As today’s election results demonstrated, the Democrats were unable to offer any serious alternative to the working people of California. The campaigns of both Davis and the main Democratic replacement candidate, Lieutenant Governor Cruz Bustamante, were as hollow as they were cynical. No less beholden to big business than Schwarzenegger and the Republicans, they could propose nothing to deal with an acute and deepening social crisis—with over six million Californians lacking health insurance, housing costs soaring beyond the means of millions of working class families, and decent-paying jobs disappearing every day.
Nor would they expose the deeply reactionary and anti-democratic conspiracy underlying the recall drive, no more than the Democrats seriously opposed the impeachment coup against Clinton and the theft of the 2000 presidential election.
Throughout the recall campaign, the Democrats maintained a cowardly silence on the right-wing cabal under George W. Bush and refused to link the fight against the recall to the fight against the administration in Washington. Above all, they said nothing about the catastrophic imperialist war in Iraq, which is daily costing the lives of American troops and Iraqi civilians and wasting tens of billions of dollars every month—a financial drain that will mean further attacks on medical care, pensions and jobs and a further decline in the basic infrastructure of the country.
Instead, as a pathetic diversion from these critical issues, the Democrats tried to capitalize in the final days of the campaign on the exposure of Schwarzenegger’s sexual predations. In the end, they only succeeded in highlighting their own political bankruptcy.
Initial exit polls and voting data indicate the depth of alienation from the Democratic Party. While voter turnout overall was higher than in the 2002 gubernatorial election—although far short of the record rates that had been predicted—it was less intense in working class areas that traditionally vote Democratic than in Republican precincts. And despite the campaign by the trade union bureaucracy for Davis and the Democrats, involving an expenditure of some $5 million, about half of union members voted in favor of the recall and some 40 percent of voters in union households voted for Schwarzenegger to replace the sitting governor.

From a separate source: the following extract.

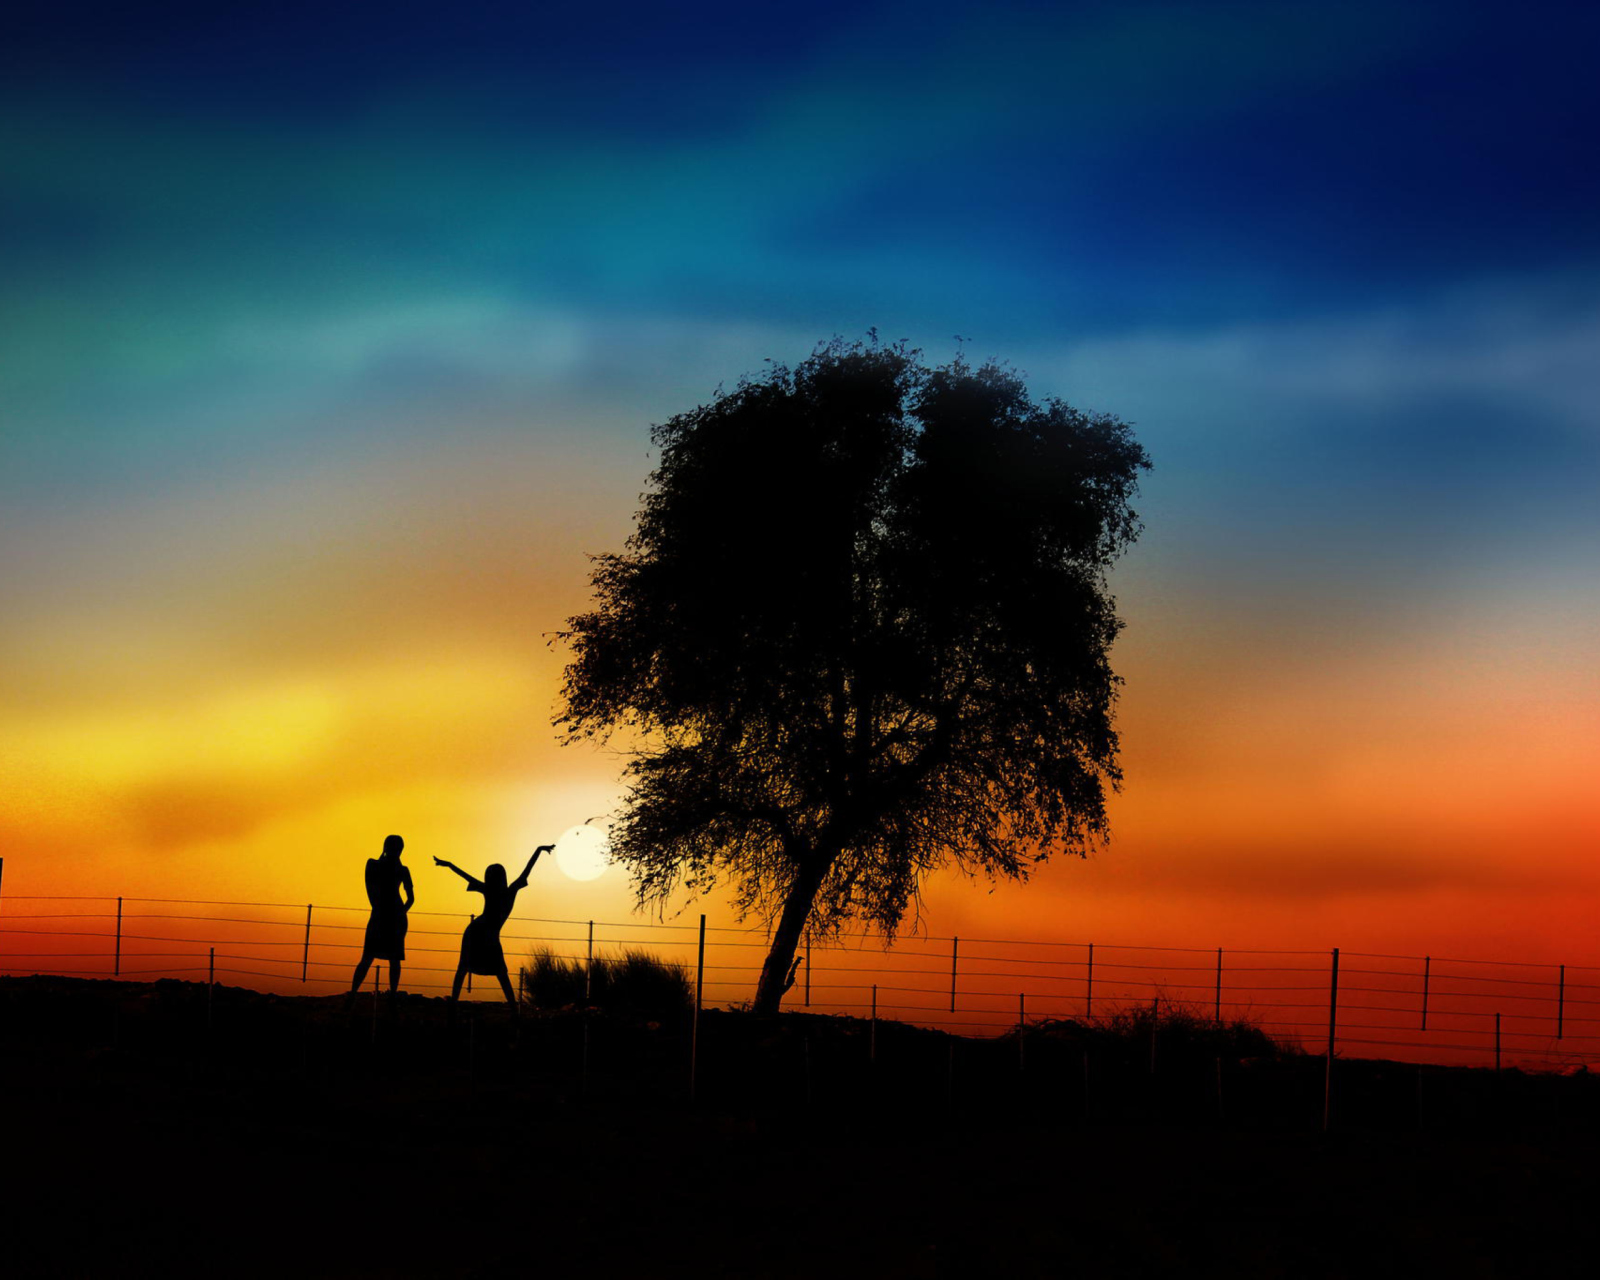 Couple Silhouettes Under Tree At Sunset wallpaper 1600x1280
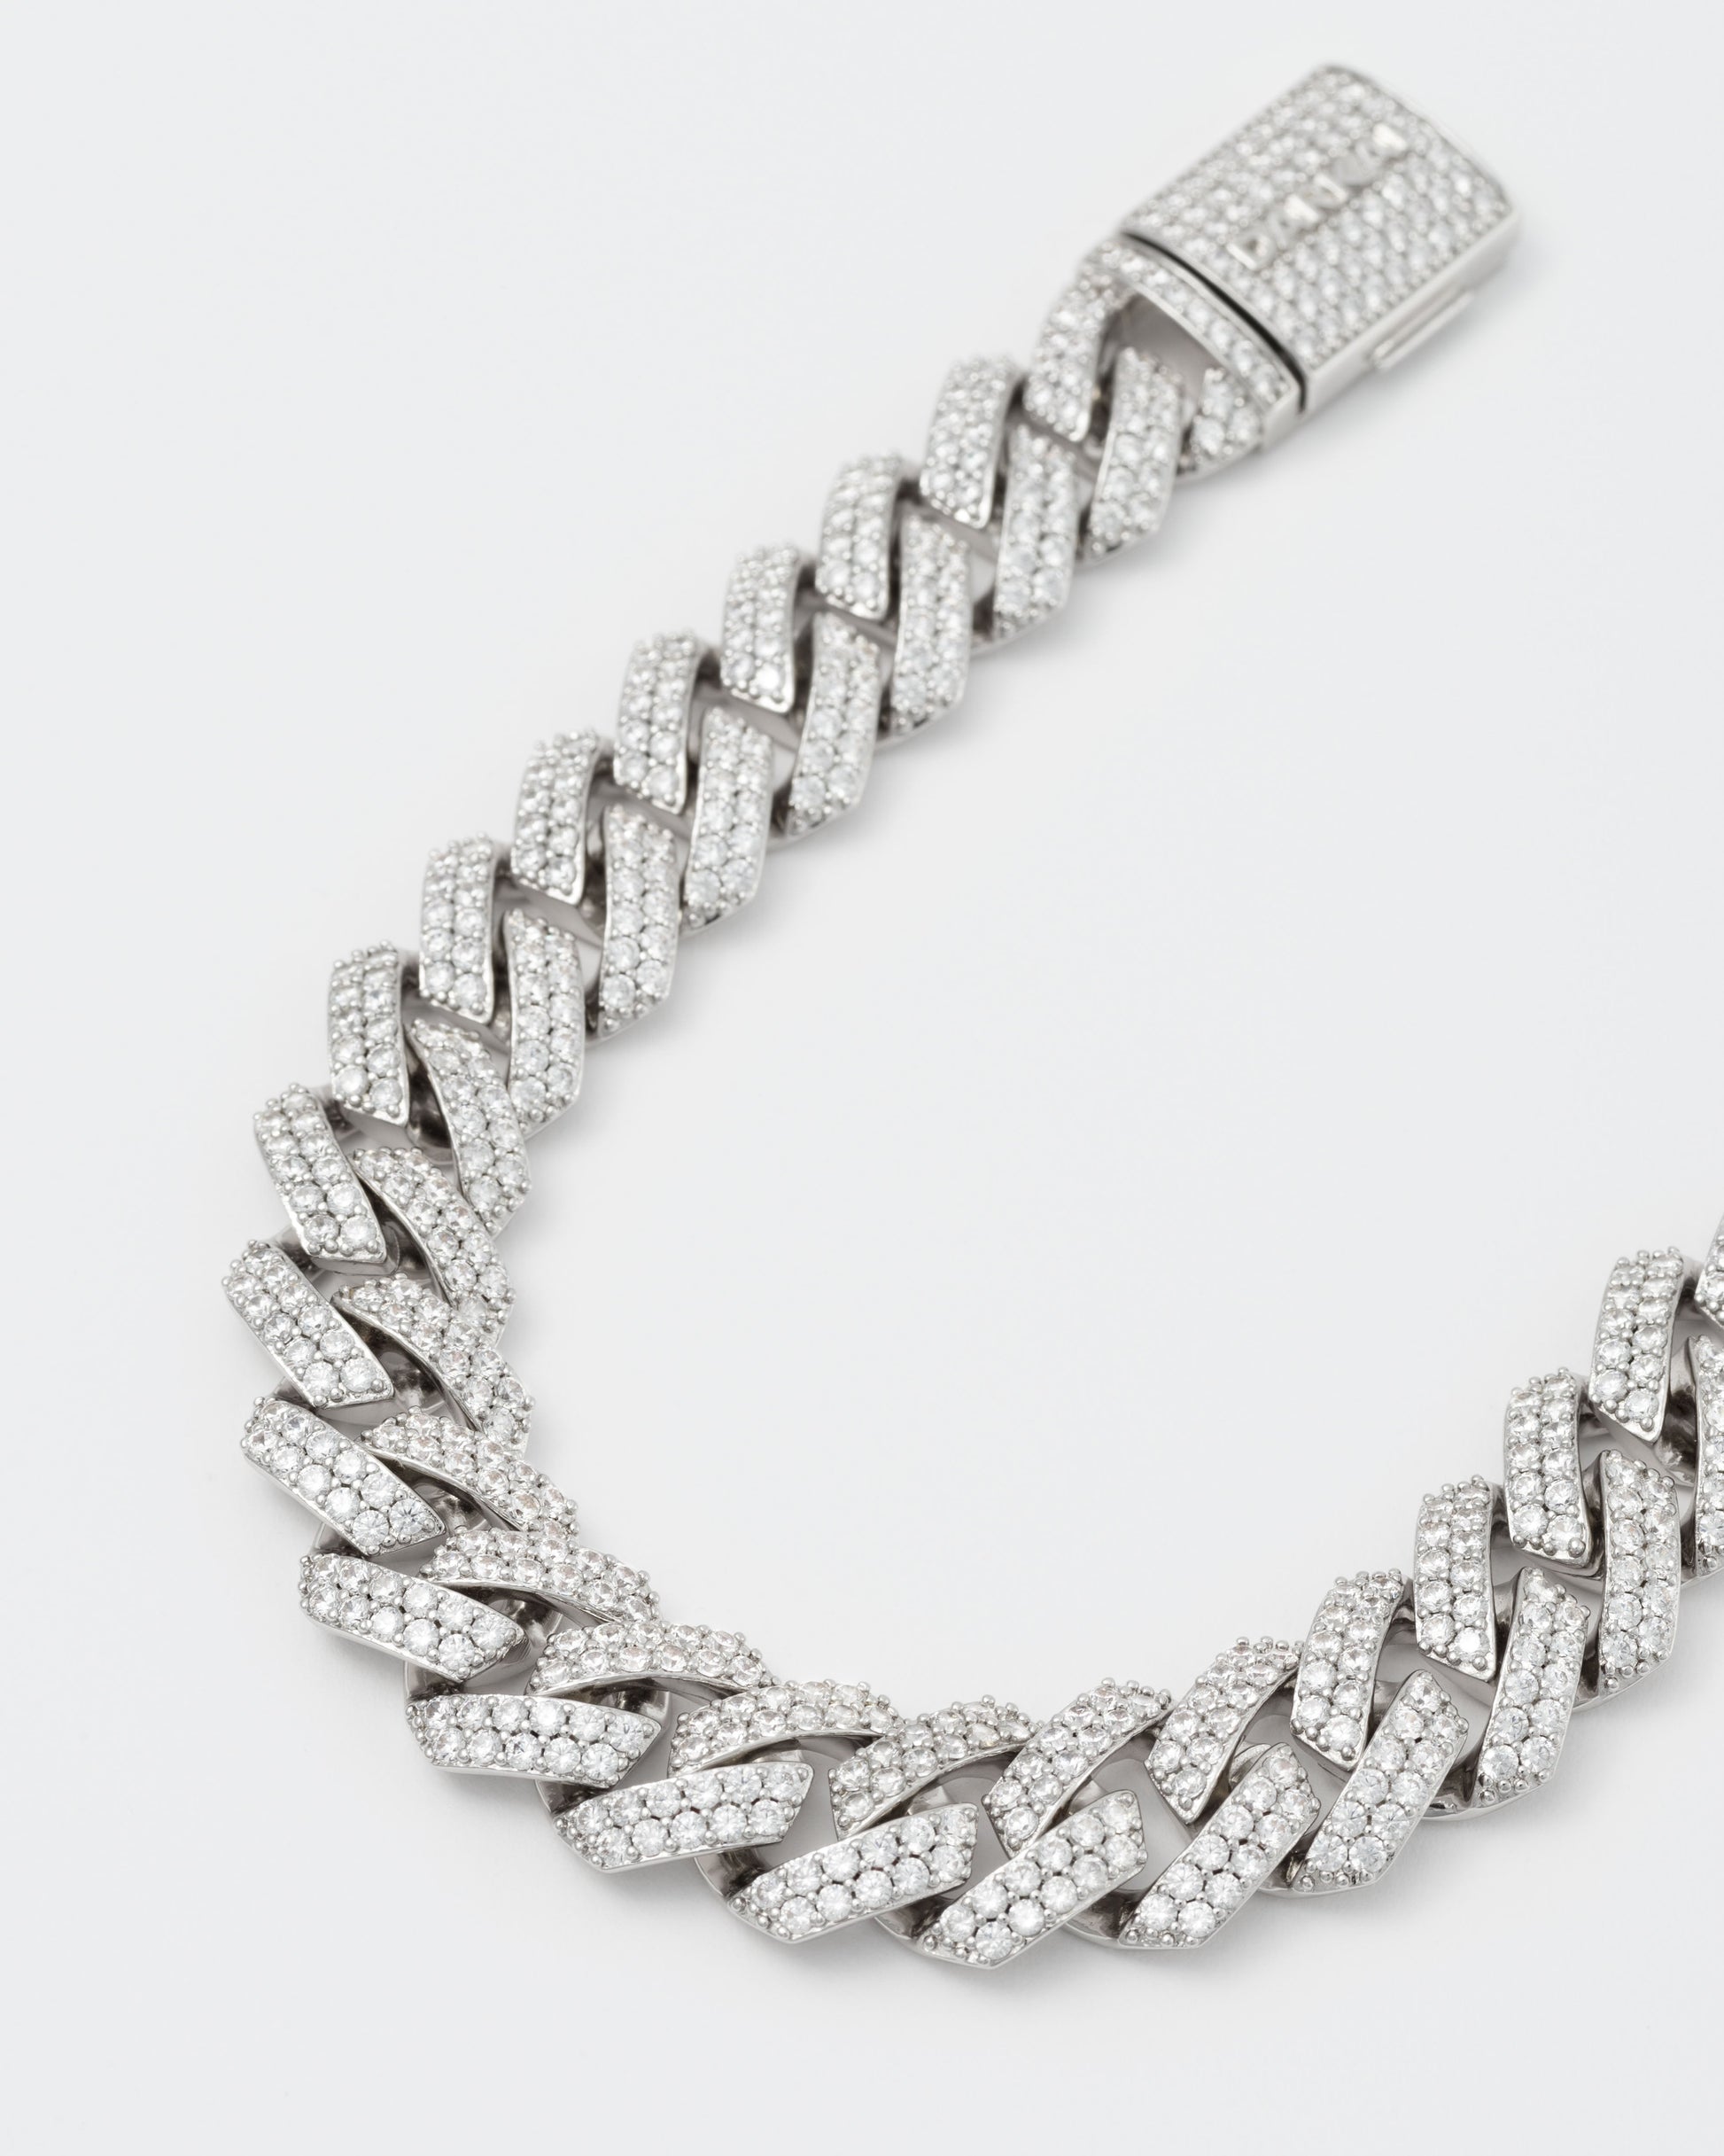 detail of 18k white gold coated prong chain necklace with hand-set micropavé stones in white

The Democrats fared no less disastrously among Hispanic voters, with half supporting Davis’ ouster.
This latest debacle for the Democratic Party—following its collapse in the 2002 congressional election, when it lost control of the US Senate and failed to gain seats in the House of Representatives—must serve as the impetus for workers and young people in California and across the country to recognize the futility of looking toward this political instrument of the ruling elite as a means of defending their social interests and democratic rights.
As I have sought to explain throughout my campaign, the Democratic Party is a party of the ruling elite in America. Whatever its differences with the Republicans, in the end it defends the same oligarchy, which is why it votes for imperialist war abroad and austerity and political repression at home.
The Democratic debacle in California vindicates the call of my campaign and the Socialist Equality Party for a break with the two parties of American capitalism and the building of the SEP as a mass socialist party of the working class. This is the road forward for the struggles that will erupt in the coming weeks and months, as millions of workers learn through bitter experience that the attacks on jobs and living standards will only intensify under Schwarzenegger.
I call on all working people to study the election statement issued by the SEP and make the decision to join and build this party.